3D Rendering and Modeling: dynamic human reconstruction and nrural rendering, fast fluid surface reconstruction based on narrow band method and fabric modeling and rendering.

	Mitigating Density Imbalance in 3D Gaussian Splatting for Few-Shot Reconstruction Rongbin Zheng, Wensheng Li, Lingzhe Zeng, Dong Wang, Chengying Gao* Intro: 3D Gaussian Splatting (3DGS) provides high-quality and real-time rendering for novel view synthesis; however, it often produces artifacts and blurry results under sparse-view settings. We find that sparse observations lead to uneven spatial constraints during optimization, exacerbating density imbalance, which subsequently gives rise to inaccurate Gaussians. To address this, we adopt a two-stage strategy that improves the density distribution. In preprocessing, we densify sparse distant regions of the SfM point cloud via a depth- and density-aware strategy. During training, we use two coupled 3DGS models for co-regularization and guide Gaussian updates with periodically rendered density maps, which are segmented into sparse, dense, and high-gradient regions to reflect different types of density errors. We then apply region-specific update rules—densification, reset, and perturbation—to progressively correct the imbalance. Experiments on LLFF, Mip-NeRF360, and DTU demonstrate the superiority of our approach. International Conference on Multimedia & Expo (ICME, 2026) *(spotlight) (CCF-B)** [Paper]

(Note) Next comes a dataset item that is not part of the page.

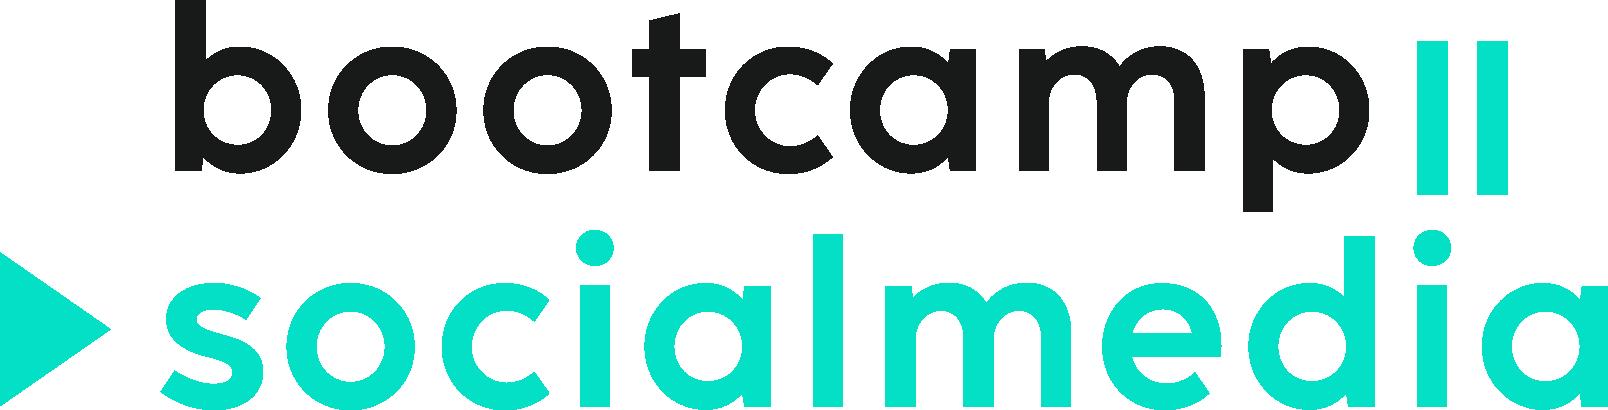 Bootcamp-for-music-brand-socialmedia
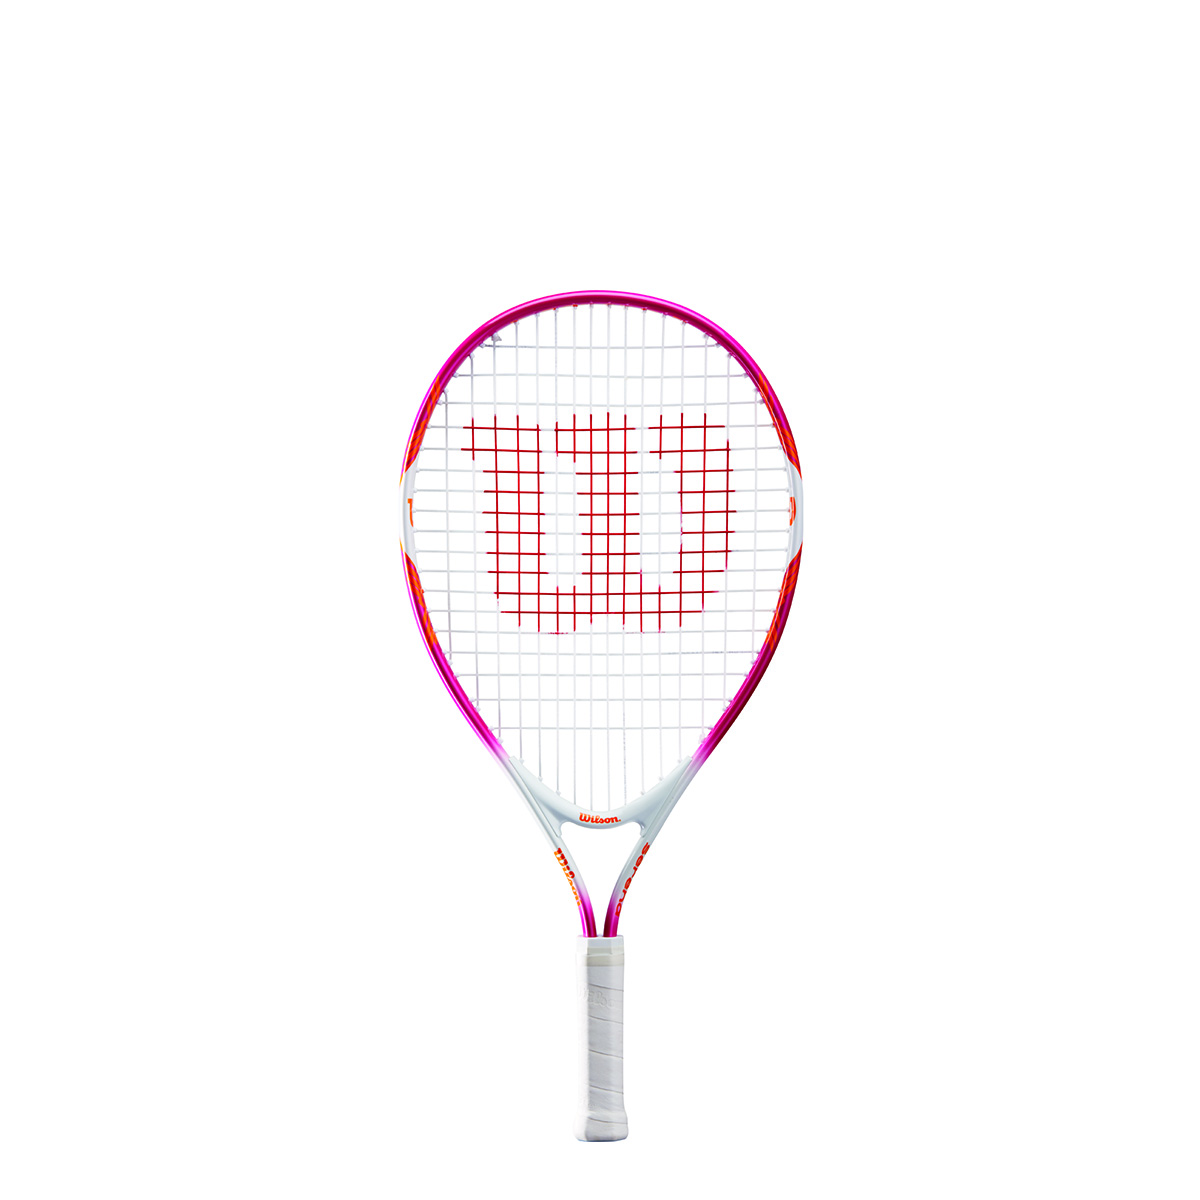 Ideal for the beginner junior player – Lightweight frame – Easy to swing

	Illumination-Consistent Human-Scene Reconstruction from Monocular Video Rongbin Zheng, Wensheng Li, Lingzhe Zeng, Dongwang, Chengying Gao* Intro: Reconstructing 3D humans and scenes from monocular videos is a challenging task, particularly due to human motion, varying illumination, and dynamic scene shadows. While recent works have explored scene disentanglement by jointly modeling humans and their surrounding scenes, they often overlook illumination and shadow effects—resulting in inconsistent human appearance and degraded scene realism. To address this gap, we propose a photometrically consistent integration of human and scene reconstruction based on 3D Gaussian Splatting, with a key focus on modeling spatially-varying illumination and shadows. Central to our method is a learnable light volume that provides localized lighting cues to human Gaussians, enabling more realistic and consistent appearance synthesis. To further ensure accurate human geometry and alignment, we adopt a two-stage reconstruction strategy: we first optimize a human mesh and then anchor Gaussians to the refined surface. In addition, we introduce an implicit shadow estimation module that disentangles cast shadows from the scene, thus supporting plausible human shadow synthesis. Our framework also facilitates human relighting and compositing into novel scenes with contextually appropriate lighting. Quantitative and qualitative results demonstrate that our method achieves state-of-the-art performance, producing consistent appearances, realistic illumination, and enhanced overall scene realism. IEEE Computer Vision and Pattern Recognition (CVPR, 2026) (中科院1区/CCF-A) [Paper]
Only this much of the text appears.